## [GIVEN DATA]

• • • • •

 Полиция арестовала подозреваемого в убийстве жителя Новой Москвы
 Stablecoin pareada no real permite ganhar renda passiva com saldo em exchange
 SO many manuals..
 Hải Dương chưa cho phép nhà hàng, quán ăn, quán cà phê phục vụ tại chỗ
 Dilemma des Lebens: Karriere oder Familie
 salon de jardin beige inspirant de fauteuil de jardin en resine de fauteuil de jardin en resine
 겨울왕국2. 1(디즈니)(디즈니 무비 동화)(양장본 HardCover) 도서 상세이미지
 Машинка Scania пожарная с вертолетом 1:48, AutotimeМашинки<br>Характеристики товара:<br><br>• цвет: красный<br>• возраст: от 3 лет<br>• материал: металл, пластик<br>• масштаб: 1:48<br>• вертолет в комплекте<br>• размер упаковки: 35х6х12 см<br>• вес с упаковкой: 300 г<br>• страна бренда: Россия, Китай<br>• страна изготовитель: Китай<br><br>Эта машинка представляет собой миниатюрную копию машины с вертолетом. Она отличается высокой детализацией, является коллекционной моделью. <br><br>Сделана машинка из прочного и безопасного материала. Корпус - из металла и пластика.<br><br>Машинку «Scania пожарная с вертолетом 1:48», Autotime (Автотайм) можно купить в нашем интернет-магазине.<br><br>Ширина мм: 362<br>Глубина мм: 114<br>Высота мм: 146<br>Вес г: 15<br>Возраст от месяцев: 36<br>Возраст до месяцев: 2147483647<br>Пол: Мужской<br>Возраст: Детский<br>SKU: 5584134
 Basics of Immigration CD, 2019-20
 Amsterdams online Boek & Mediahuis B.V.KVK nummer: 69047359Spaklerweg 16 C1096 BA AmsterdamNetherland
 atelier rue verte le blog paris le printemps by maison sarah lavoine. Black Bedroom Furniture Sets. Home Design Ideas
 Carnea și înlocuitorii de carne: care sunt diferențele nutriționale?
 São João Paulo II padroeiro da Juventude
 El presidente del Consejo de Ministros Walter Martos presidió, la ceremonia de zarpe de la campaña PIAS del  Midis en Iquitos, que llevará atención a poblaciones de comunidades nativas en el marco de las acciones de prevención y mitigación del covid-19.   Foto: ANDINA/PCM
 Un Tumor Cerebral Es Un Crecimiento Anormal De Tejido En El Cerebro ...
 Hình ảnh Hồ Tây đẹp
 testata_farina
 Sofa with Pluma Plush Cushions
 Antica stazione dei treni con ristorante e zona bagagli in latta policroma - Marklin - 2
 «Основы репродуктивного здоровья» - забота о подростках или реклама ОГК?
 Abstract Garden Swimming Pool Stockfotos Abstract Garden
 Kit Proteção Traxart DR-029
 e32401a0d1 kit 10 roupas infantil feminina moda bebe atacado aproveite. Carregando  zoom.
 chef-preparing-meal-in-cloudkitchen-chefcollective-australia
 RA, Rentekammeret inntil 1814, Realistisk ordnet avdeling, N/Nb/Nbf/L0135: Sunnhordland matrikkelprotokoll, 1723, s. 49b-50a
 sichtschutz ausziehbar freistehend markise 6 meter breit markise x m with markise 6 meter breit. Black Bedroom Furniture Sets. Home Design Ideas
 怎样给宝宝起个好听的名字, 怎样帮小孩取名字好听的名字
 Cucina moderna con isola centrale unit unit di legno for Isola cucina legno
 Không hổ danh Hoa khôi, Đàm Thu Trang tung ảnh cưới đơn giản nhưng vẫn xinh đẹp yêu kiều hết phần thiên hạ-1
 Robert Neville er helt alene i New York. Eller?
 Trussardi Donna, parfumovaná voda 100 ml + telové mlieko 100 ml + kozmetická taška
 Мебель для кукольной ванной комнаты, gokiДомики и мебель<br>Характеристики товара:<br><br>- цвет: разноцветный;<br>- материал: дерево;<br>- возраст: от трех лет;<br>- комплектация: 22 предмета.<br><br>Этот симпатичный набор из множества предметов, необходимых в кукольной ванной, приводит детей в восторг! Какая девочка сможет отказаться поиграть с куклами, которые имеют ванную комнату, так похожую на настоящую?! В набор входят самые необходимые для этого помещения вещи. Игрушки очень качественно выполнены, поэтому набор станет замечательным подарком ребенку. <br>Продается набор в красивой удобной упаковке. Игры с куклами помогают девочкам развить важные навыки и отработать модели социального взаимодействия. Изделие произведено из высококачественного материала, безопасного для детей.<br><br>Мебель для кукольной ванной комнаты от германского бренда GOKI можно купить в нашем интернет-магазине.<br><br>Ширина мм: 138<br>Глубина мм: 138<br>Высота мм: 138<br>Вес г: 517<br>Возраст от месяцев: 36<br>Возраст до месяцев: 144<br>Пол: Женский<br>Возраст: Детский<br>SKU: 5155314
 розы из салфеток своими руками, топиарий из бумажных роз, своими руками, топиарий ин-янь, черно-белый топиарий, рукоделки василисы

• • • • •

## [WHAT THE EXERCISE ASKS]
Exactly as written, repeat each line from the beginning of the data above to the line containing "Carnea și înlocuitorii", inclusive.

## [SOLUTION TO THIS EXERCISE]
 Полиция арестовала подозреваемого в убийстве жителя Новой Москвы
 Stablecoin pareada no real permite ganhar renda passiva com saldo em exchange
 SO many manuals..
 Hải Dương chưa cho phép nhà hàng, quán ăn, quán cà phê phục vụ tại chỗ
 Dilemma des Lebens: Karriere oder Familie
 salon de jardin beige inspirant de fauteuil de jardin en resine de fauteuil de jardin en resine
 겨울왕국2. 1(디즈니)(디즈니 무비 동화)(양장본 HardCover) 도서 상세이미지
 Машинка Scania пожарная с вертолетом 1:48, AutotimeМашинки<br>Характеристики товара:<br><br>• цвет: красный<br>• возраст: от 3 лет<br>• материал: металл, пластик<br>• масштаб: 1:48<br>• вертолет в комплекте<br>• размер упаковки: 35х6х12 см<br>• вес с упаковкой: 300 г<br>• страна бренда: Россия, Китай<br>• страна изготовитель: Китай<br><br>Эта машинка представляет собой миниатюрную копию машины с вертолетом. Она отличается высокой детализацией, является коллекционной моделью. <br><br>Сделана машинка из прочного и безопасного материала. Корпус - из металла и пластика.<br><br>Машинку «Scania пожарная с вертолетом 1:48», Autotime (Автотайм) можно купить в нашем интернет-магазине.<br><br>Ширина мм: 362<br>Глубина мм: 114<br>Высота мм: 146<br>Вес г: 15<br>Возраст от месяцев: 36<br>Возраст до месяцев: 2147483647<br>Пол: Мужской<br>Возраст: Детский<br>SKU: 5584134
 Basics of Immigration CD, 2019-20
 Amsterdams online Boek & Mediahuis B.V.KVK nummer: 69047359Spaklerweg 16 C1096 BA AmsterdamNetherland
 atelier rue verte le blog paris le printemps by maison sarah lavoine. Black Bedroom Furniture Sets. Home Design Ideas
 Carnea și înlocuitorii de carne: care sunt diferențele nutriționale?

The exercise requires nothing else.